Questa operazione, secondo il giudice di primo grado – e poi confermato dal giudice di appello – doveva essere compiuta immediatamente per evidenti ragioni di igiene e sanità. A niente erano valse le giustificazioni addotte dall’infermiera generica: in primo luogo che il malato era di sesso diverso e conseguentemente lei
provava vergogna a pulire le parti intime di una
persona di sesso maschile, ed in secondo luogo che la cura dell’igiene non le era stata prescritta nel caso specifico dal medico. Il paziente era stato pulito dal cognato, che aveva poi
denunciato la operatrice, accusandola inoltre
di essersi allontanata per una mezz’ora dal reparto. Fatti tutti comprovati da persone che si
trovavano nel giorno dell’episodio ricoverati
presso la stessa struttura.
Il ricorso. Contro la condanna del giudice di
appello l’imputata si era rivolta alla Corte di
Cassazione deducendo innanzitutto la errata
interpretazione dell’articolo 6 del DPR 225/74.
In questa norma si afferma che l’infermiere
generico coadiuva l’infermiere professionale
in tutte le sue attività e provvede, su prescrizione del medico, direttamente a varie mansioni
tra cui la raccolta degli escreti dei pazienti e la
pulizia degli stessi. In questo caso, continuava
l’imputata, il riposizionamento della sacca e la
raccolta degli escreti doveva essere effettuata
proprio in seguito a un errato posizionamento di quest’ultima ad opera di un infermiere
professionale (ma sulla base della sentenza impugnata, in quel turno non erano previsti infermieri professionali….). Con il secondo motivo l’imputata, pur ammettendo di aver commesso un errore nel non aver ritenuto “urgente” l’atto da compiere, tuttavia affermava essere un “errore scusabile”, proprio perché in quel
momento era impegnata in altre operazioni
(la distribuzione del vitto), e soprattutto in considerazione del breve ritardo riportato (solo
mezz’ora).
Diritto. Per i giudici della Sesta Sezione penale della Cassazione, il ricorso è infondato.

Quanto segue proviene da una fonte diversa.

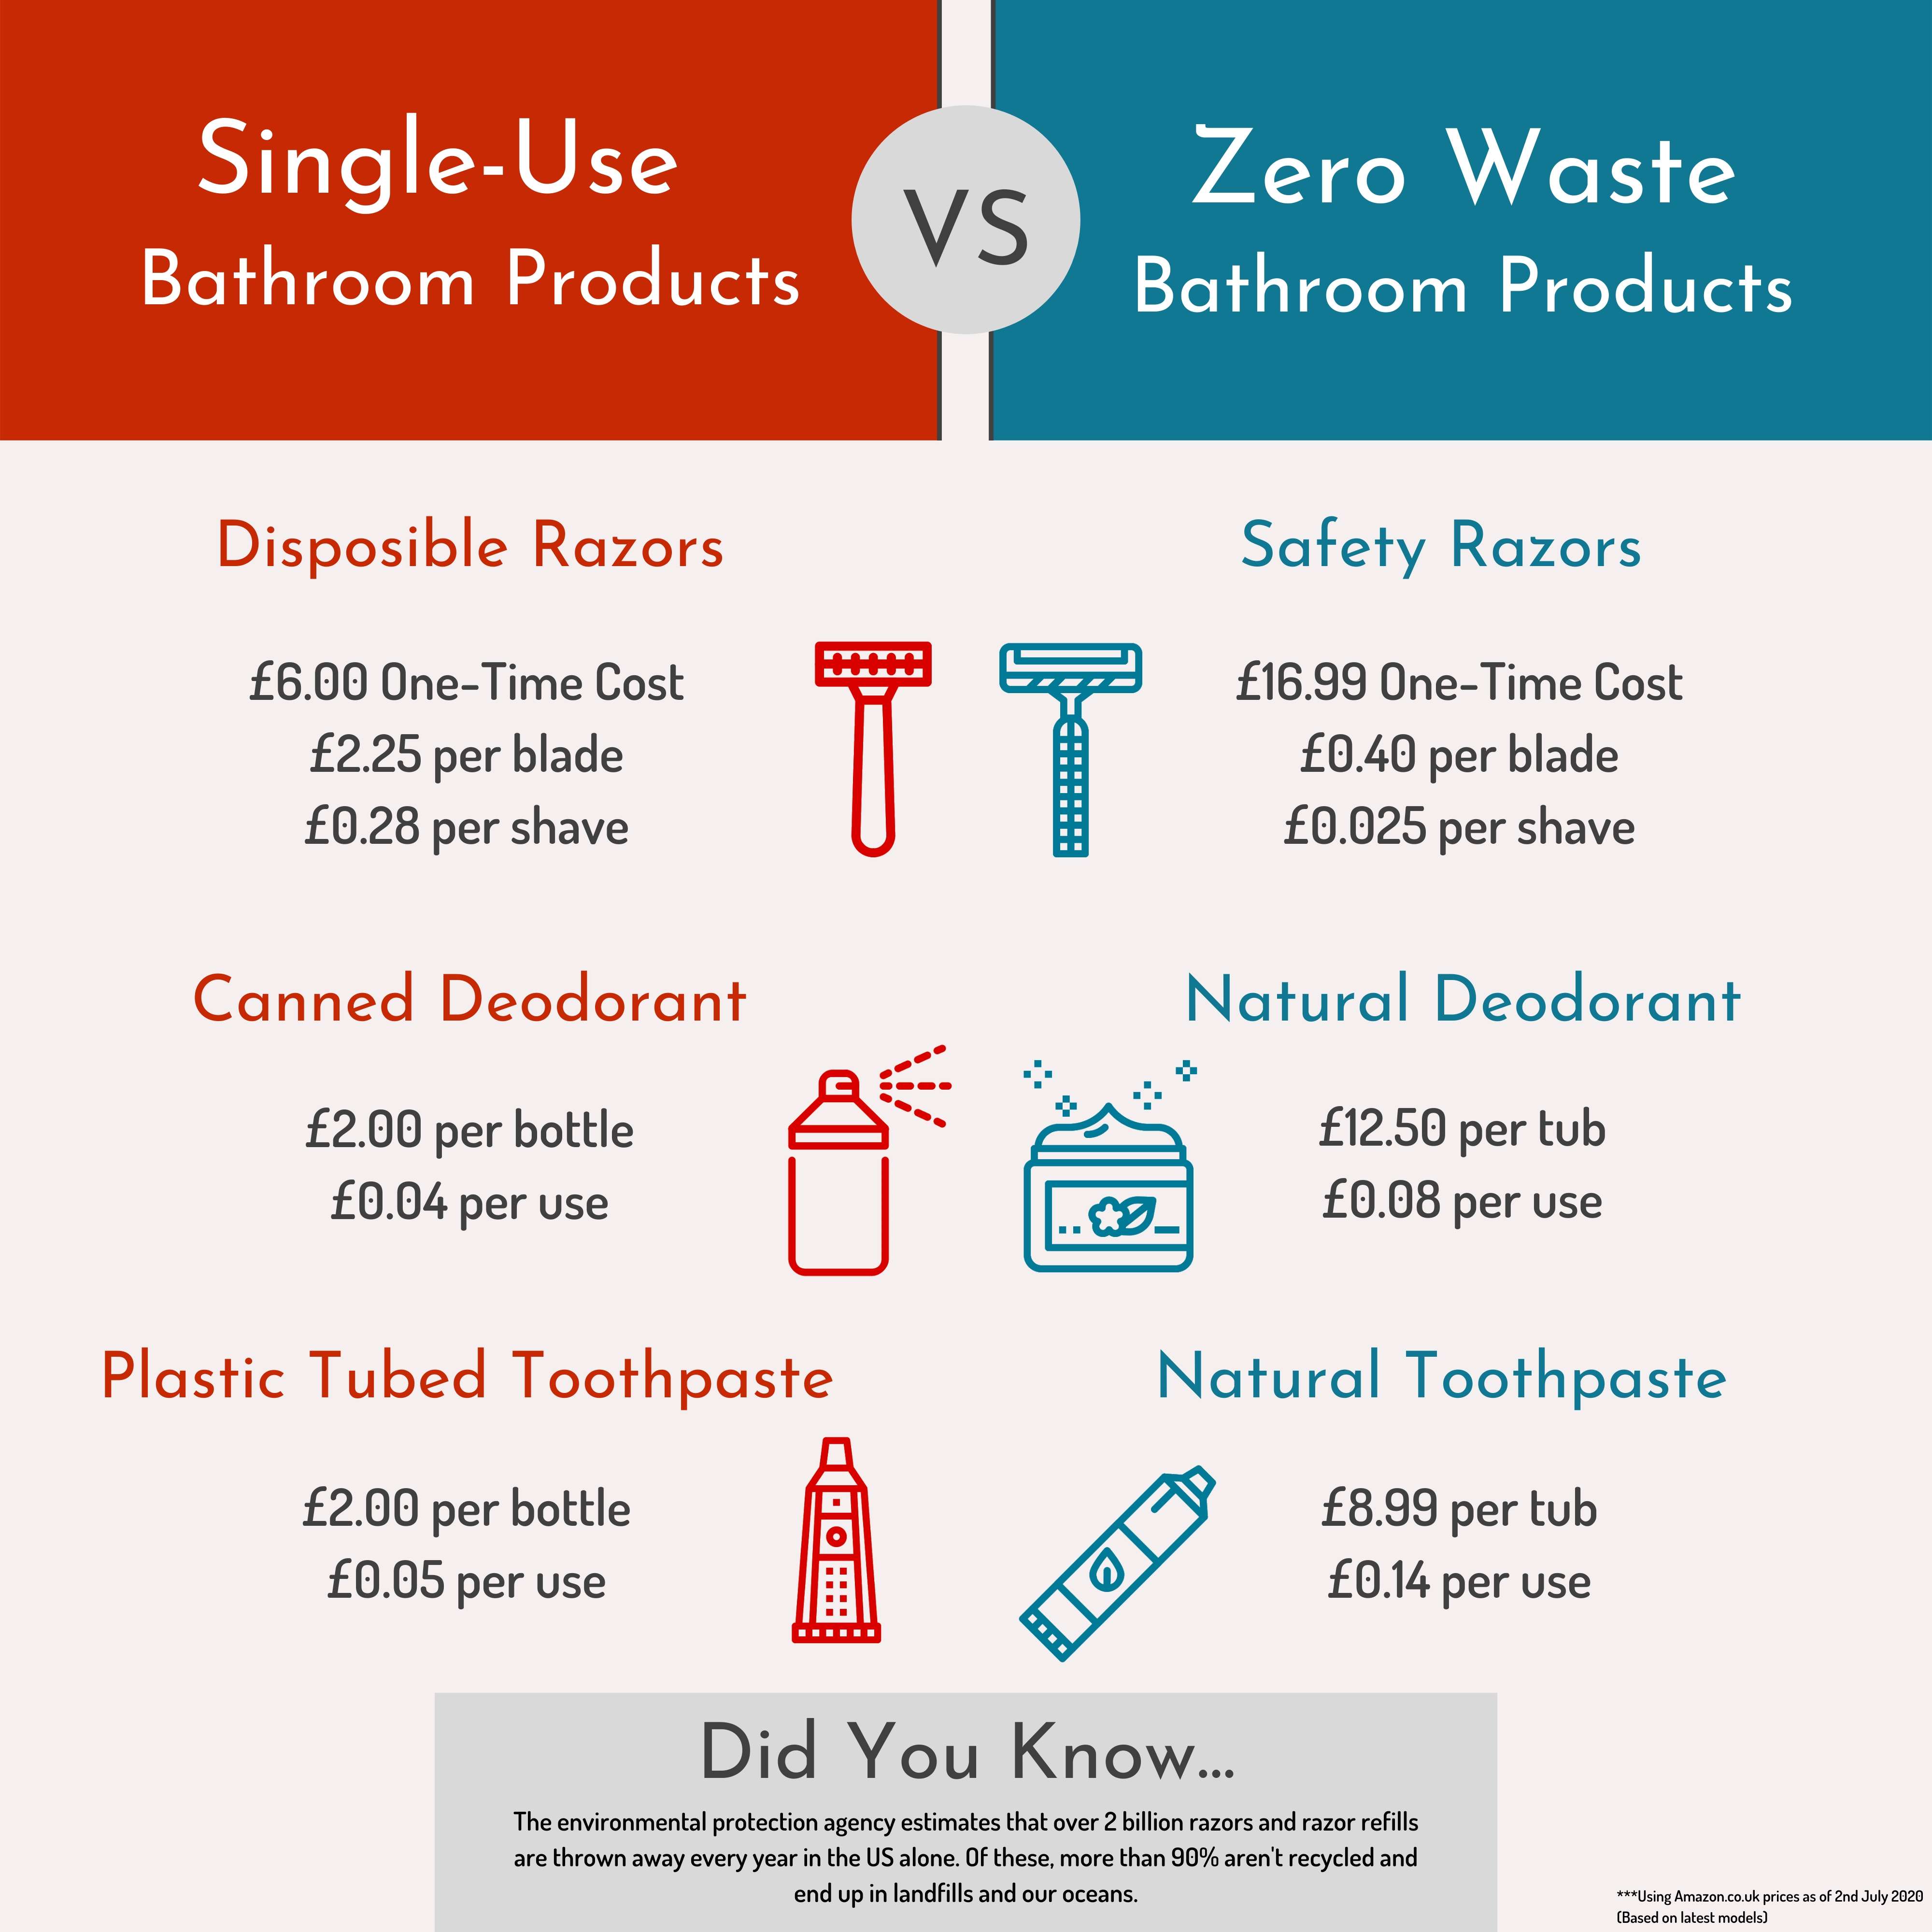 Are zero waste products cheaper

Innanzitutto l’affermazione della responsabilità penale si riscontra nella condotta dell’infermiera generica di non aver provveduto alle
operazioni di pulizia, mansione che le competeva in quel momento sulla base dei turni di
servizio, affermando di provare vergogna in ragione della differenza di sesso del paziente. Rifiuto assolutamente ingiustificato, in considerazione del fatto che tale incombenza rivestiva
carattere di urgenza e rientrava nelle mansio-
ni di routine dell’infermiere generico, proprio
a norma dell’articolo 6 della citata norma. Del
resto le operazioni di pulizia del paziente e la
raccolta degli escreti possono essere effettuate
dall’infermiere generico, su prescrizione del
medico, ma quest’ultima non è necessaria e
può essere impartita in via generale, laddove
la specifica prescrizione del medico occorre
esclusivamente con riferimento ad interventi
di tipo terapeutico. Nella fattispecie, in assenza di infermieri professionali, tali operazioni
dovevano essere svolte da un infermiere generico addetto al reparto sulla base dei turni di
servizio. La motivazione addotta dell’essere lei
in quel momento impegnata in altra attività –
la distribuzione del vitto – non è da ritenersi
sufficiente per esonerarla dalla immediata effettuazione dell’operazione di pulizia, incombenza che rivestiva carattere prioritario rispetto alla semplice distribuzione del vitto, attività
quest’ultima che poteva ben essere sospesa e
ripresa solo dopo pochi minuti. Non è infatti
da ritenersi “scusabile” l’errore di non aver compreso l’urgenza dell’atto richiesto, proprio perché il riconoscimento del carattere d’urgenza
è implicito negli elementi basilari cognitivi della professione ed è richiesto nelle ordinarie
competenze professionali di una infermiera
generica; inoltre, nella fattispecie, il rifiuto
espresso dall’imputata non atteneva a questo
profilo bensì era stato motivato dalla “vergogna” provata per la diversità di sesso.
Dunque oltre alla condanna penale di sei mesi di reclusione (con le attenuanti generiche)
e l’interdizione dai pubblici uffici per un anno, l’infermiera dovrà pagare le spese processuali dei gradi di giudizio.